Goldrunner uses fractal analysis off the gold bull market of the 1970s to arrive at his assessment of where gold is now in the bull run and where it is going. In his November, 2011 article he set forth the basics of his technical analysis and said:

"Early this year we suggested a 50% rise in Gold to $1860 - $1,920 into mid-year. Now, we see the Gold tsunami realizing an approximate 100% rise that will crest at $3,000+ into the middle of 2012."

Bob Chapman: $2,500 - $3,000

In Chapman's August, 2011 issue of the International Forecaster he had this to say about gold:

"Debt monetization will Lead to ever-higher inflation...and explain the systemic problem of many nations, which have nowhere to turn to except the creation of money and credit to temporarily keep their economies going...[and] when you put it all together you get higher gold and Silver prices...We would expect a move to $2,000 to $2,200, some backing and filling and a move to $2,500 to $3,000 by the end of February 2012, as we earlier predicted."
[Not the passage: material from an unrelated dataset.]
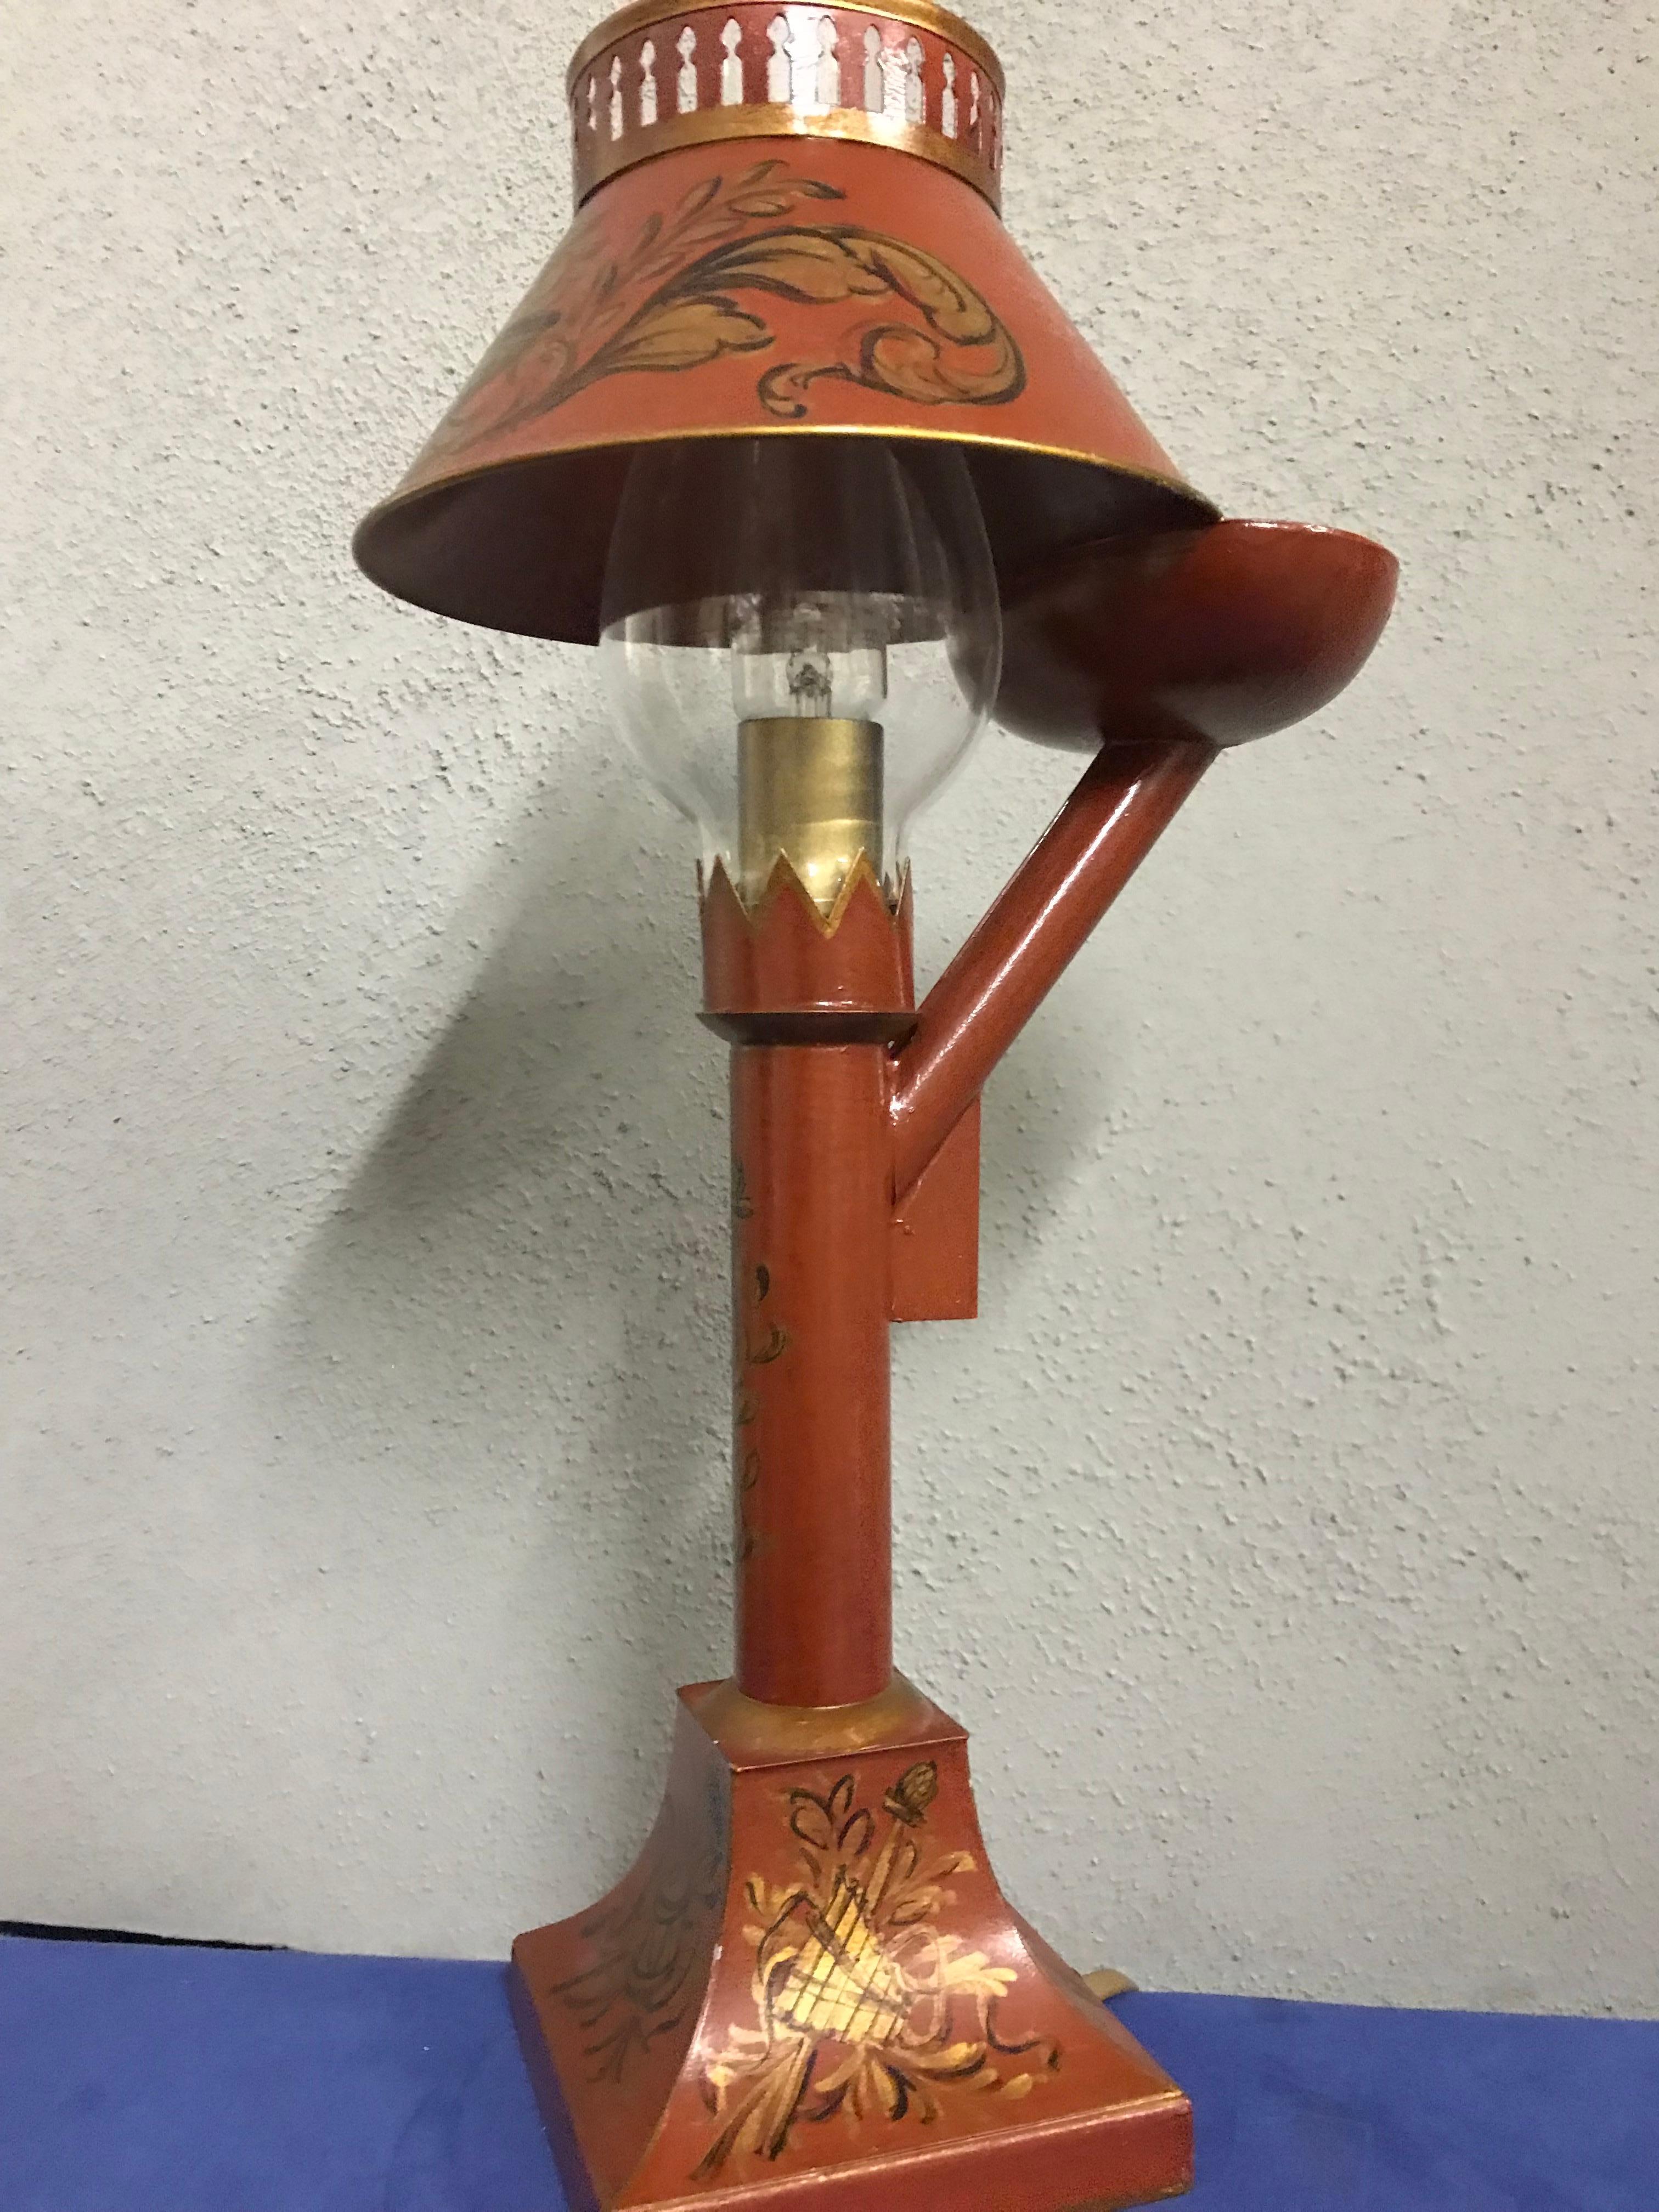 Exquisite kleine Tole-Lampe im englischen Stil von Gherardo Degli Albizzi in Form einer Öllampe mit handgemalter Dekoration im gesamten Bereich. Auf dem Sockel befinden sich klassische Verzierungen wie Musikinstrumente und Pflanzen. Das gleiche

Ian McAvity: $2,500 - $3,000

Ian McAvity, author of the newsletter, Deliberations on World Markets, speaking on Mineweb.com's Gold Weekly podcast in June of 2010, said that while he is a gold bug, buying gold in the current economic climate is very much like buying life insurance for a short term capital gain. McAvity says that he expects gold to head north toward the $3,000 level over the next two years [i.e. sometime in 2012] but, says he cannot yet quantify "the magnitude of the crisis that takes it higher". According to McAvity, one of the most critical factors for the gold price currently is the return on risk-free capital which is currently negative in real terms saying:

"As long as the yield on treasury bills is 40 to 50 basis points, then the perceived inflation rate is 200 to 300 basis points - basically holding paper is negative. And that is one of the strongest underlying features of the gold market and we basically have the central bankers and their quantitative easing load saying that they're going to try and keep interest rates as close to zero as possible, until they successfully borrow their way out of debt. The concept of borrowing your way out of debt is I guess, the new math that I haven't quite grasped yet."